- Born: 31 March 1827 Albion, Illinois, U.S.
- Died: 7 May 1879 (aged 52) Glebe, New South Wales, Australia
- Education: Cambridge University
- Occupations: Mathematician, professor, lawyer and actuary
- Spouse: Julia Rusden
- Parent(s): Eliza Birkbeck Gilbert Titus Pell
- Relatives: Morris Birkbeck (grandfather)

= Morris Birkbeck Pell =

Morris Birkbeck Pell (31 March 1827 - 7 May 1879) was an American-Australian mathematician, professor, lawyer and actuary. He became the inaugural Professor of Mathematics and Natural Philosophy at the University of Sydney in 1852, and continued in the role until ill health enforced his retirement in 1877. He was for many years a member of the University Senate, and councillor and secretary of the Royal Society of New South Wales.

==Early life==
Pell's mother Eliza Birkbeck (1797-1880) was a daughter of Morris Birkbeck (1764-1825), the English agricultural innovator, social reformer and antislavery campaigner. In 1817-18 Birkbeck, with George Flower, had founded a utopian colony, the English Settlement, in the Illinois Territory of the United States, and Birkbeck laid out the new town there of Albion, Illinois. A widower since 1804, Birkbeck had brought his seven children with him to America, and it was there that his daughter Eliza met and married Gilbert Titus Pell (1796-1860), who came from a prominent family of New York politicians. Gilbert Pell was descended from Sir John Pell (1643-1702), Lord of Pelham Manor, New York—who was the son of English mathematician Dr. John Pell (1611-1685), and nephew and heir of early American pioneer and settler Thomas Pell. Gilbert Pell served as a representative in the Illinois legislature, and in the 1850s was appointed United States envoy to Mexico.

Morris Pell was born of this union in the new settlement of Albion in 1827, their third child and only son. In 1835 the family separated and Mrs Pell took her children first to Poughkeepsie, New York, then to Plymouth, England, in 1841, where Morris attended the New Grammar School. In 1849 he graduated as Senior Wrangler in mathematics at Cambridge University—a position once regarded as "the greatest intellectual achievement attainable in Britain."

==Career==
In 1852, aged 24, Pell was chosen from twenty-six candidates to become the first Professor of Mathematics and Natural Philosophy at the newly opened University of Sydney, in the British colony of New South Wales, Australia. With his new wife Jane Juliana (née Rusden), his mother and two sisters he sailed from England to Australia on the Asiatic and became one of the university's three foundation professors. Professor Pell gave the first lecture in Mathematics on 13 October 1852, two days after the university's inauguration, to all 24 students of the university. One of them, William Windeyer, later to become Chancellor of the university, wrote in his diary: "Went to a lecture at 10 with Mr Pell, who amused as well as instructed, I think I shall like him ...".

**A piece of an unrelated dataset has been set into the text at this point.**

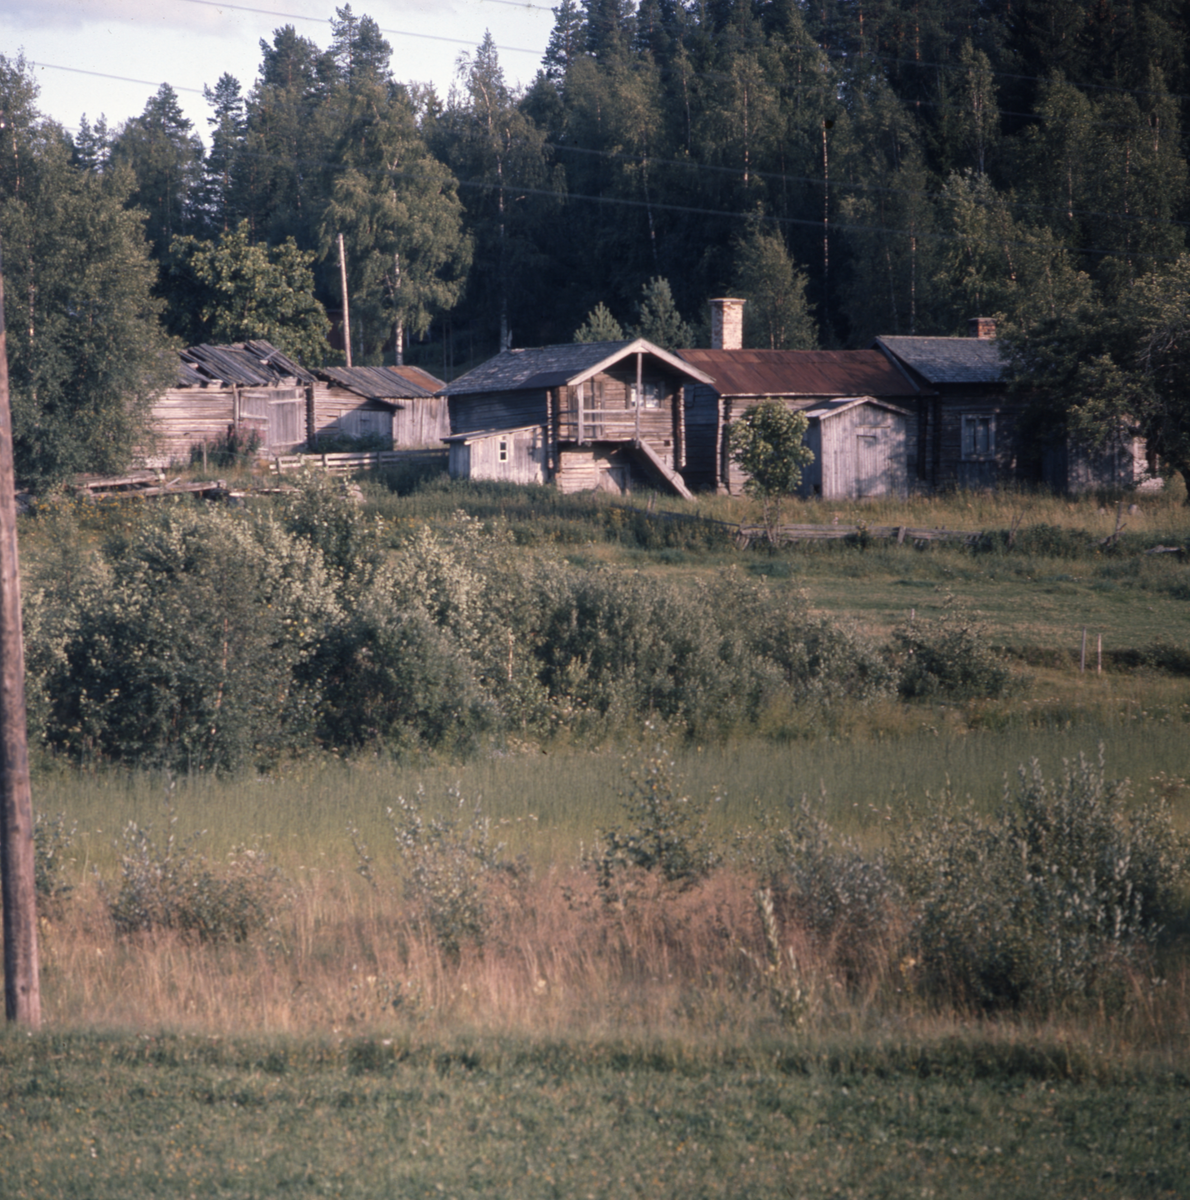 En gård med timrade hus samt några förfallna skjul.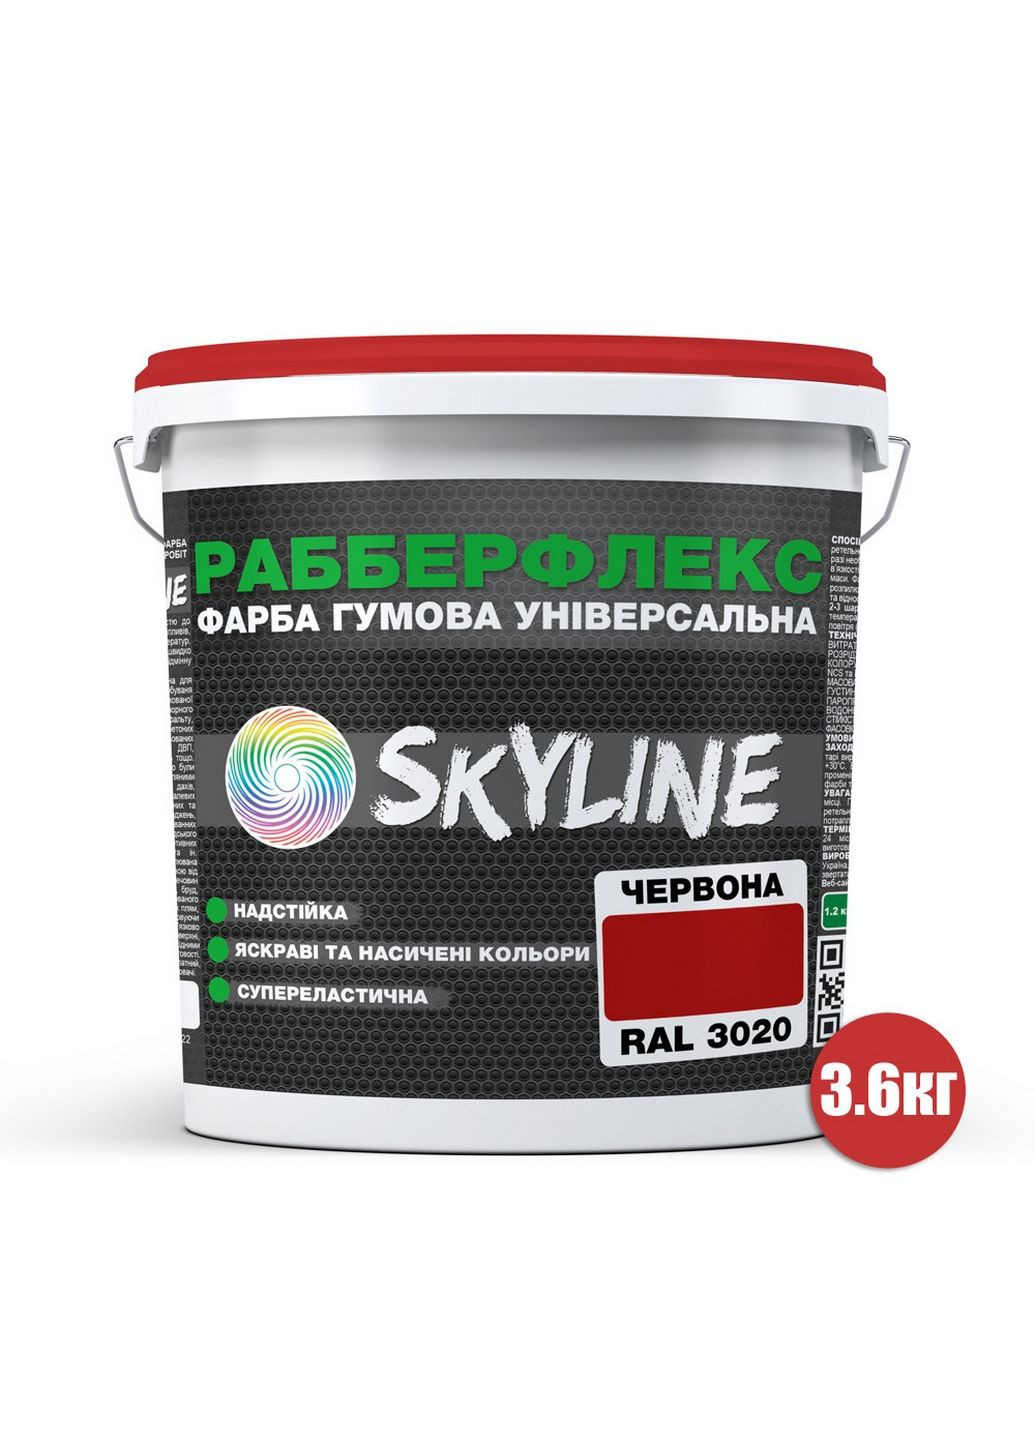 Надстійка фарба гумова супереластична «РабберФлекс» 3,6 кг SkyLine (289366656)

In 1854, in evidence to a New South Wales Legislative Council select committee on education, Pell advocated the opening of a secular grammar school. In 1859 he testified to the New South Wales Legislative Assembly select committees on the Sydney Grammar School and the University of Sydney, regarding the composition of the University Senate, the adverse effect of clergy on enrolments, the value of liberal studies in the education of businessmen and squatters, and the beneficial effect of the university on secondary education. His evidence resulted in ex-officio membership of the University Senate for professors. He was a member of the Senate from 1861 to 1877 and after resignation was re-elected to the senate in 1878 by members of convocation.

Pell was a member of the Australian Philosophical Society from 1856 and served on its council in 1858. Subsequently, Queen Victoria granted Royal Assent to the Society and it was renamed the Royal Society of New South Wales. Pell was a member and its secretary from 1867, and a member of its council from 1869.

For many years almost crippled by an injury to his spine, Pell resigned in mid-1877 as professor of mathematics at Sydney University, on a pension of £412 10s.

==Personal life==
On 7 May 1879, aged 52, he died of "progressive paralysis" (see Motor neuron disease) and was buried in the Balmain Cemetery in Sydney. He was survived by his estranged wife Julia (née Rusden), five sons and three daughters.